But at least it wasn't Murakami |
kalkwiese
05.08.23 | I am slow atm, but I finished Nona The Ninth and I am just happy to enjoy a fantasy series so much atm. Good stuff, even though it's a bit confusing sometimes |
Shuyin
05.08.23 | Big Murakami fan here, although I was very disappointed with 1Q84.. there was, however, a female character in that book (Fuka Eri) that was very quirky, extremely interesting and, imo, well written.. up to a certain point where the book falls apart and he does nothing with her except a weird sex scene. Almost there, but no cigar.
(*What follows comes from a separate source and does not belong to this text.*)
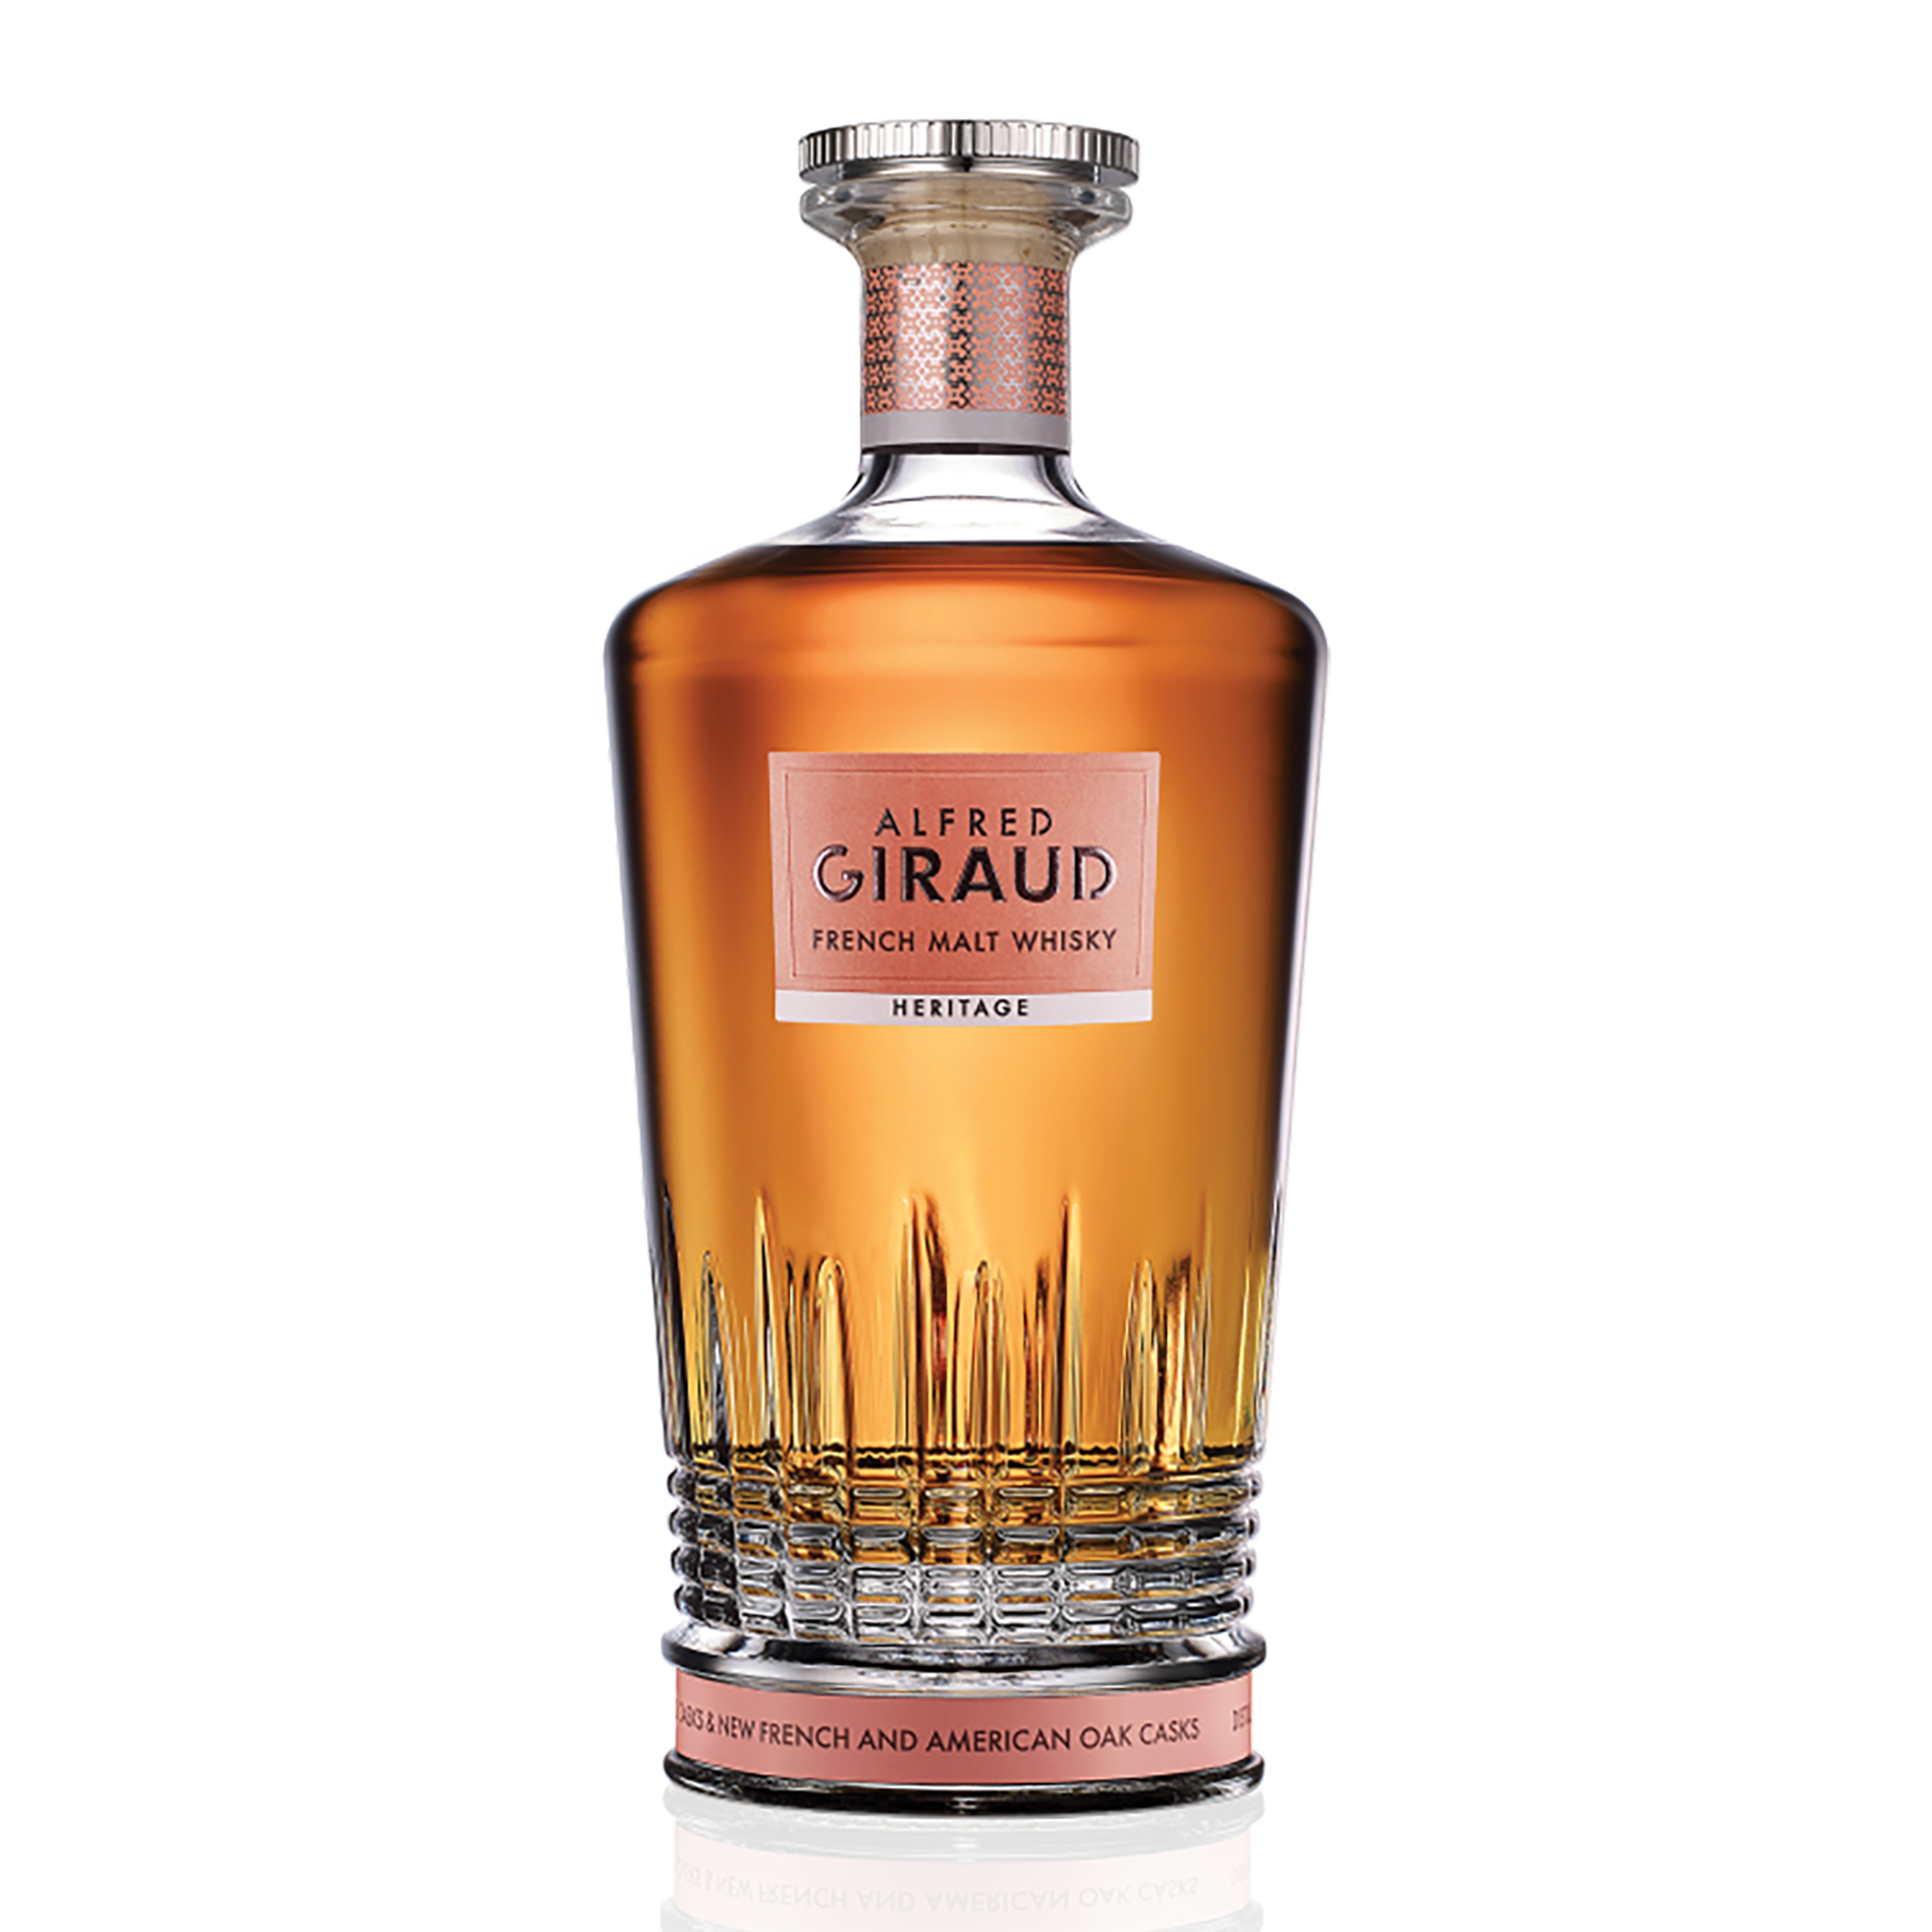 Alfred Giraud Heritage French Malt Whisky 700ml - Kent Street Cellars

I still love his bizarre worlds and narrative, KotS and Hardboiled Wonderland are absolutely fantastic |
AlexKzillion
05.08.23 | halfway through 'the outsider' by colin wilson currently... never really read anything resembling "literary criticism" on my own before but i really dig it and feel like i'm getting a decent biographical overview on a lot of the names i've seen itt along the way |
90m80s
05.08.23 | bout to read Derrida's Specters of Marx |
90m80s
05.08.23 | certainly an impressive feat the level to which Norwegian Wood is a pastiche of The Catcher in the Rye |
TalonsOfFire
05.08.23 | 90m80s it looks like you’ve read everything by Ishiguro, and you ranked Klara last, making me nervous cause I’m over halfway through and enjoying it a lot! Planning on reading Buried Giant soon after.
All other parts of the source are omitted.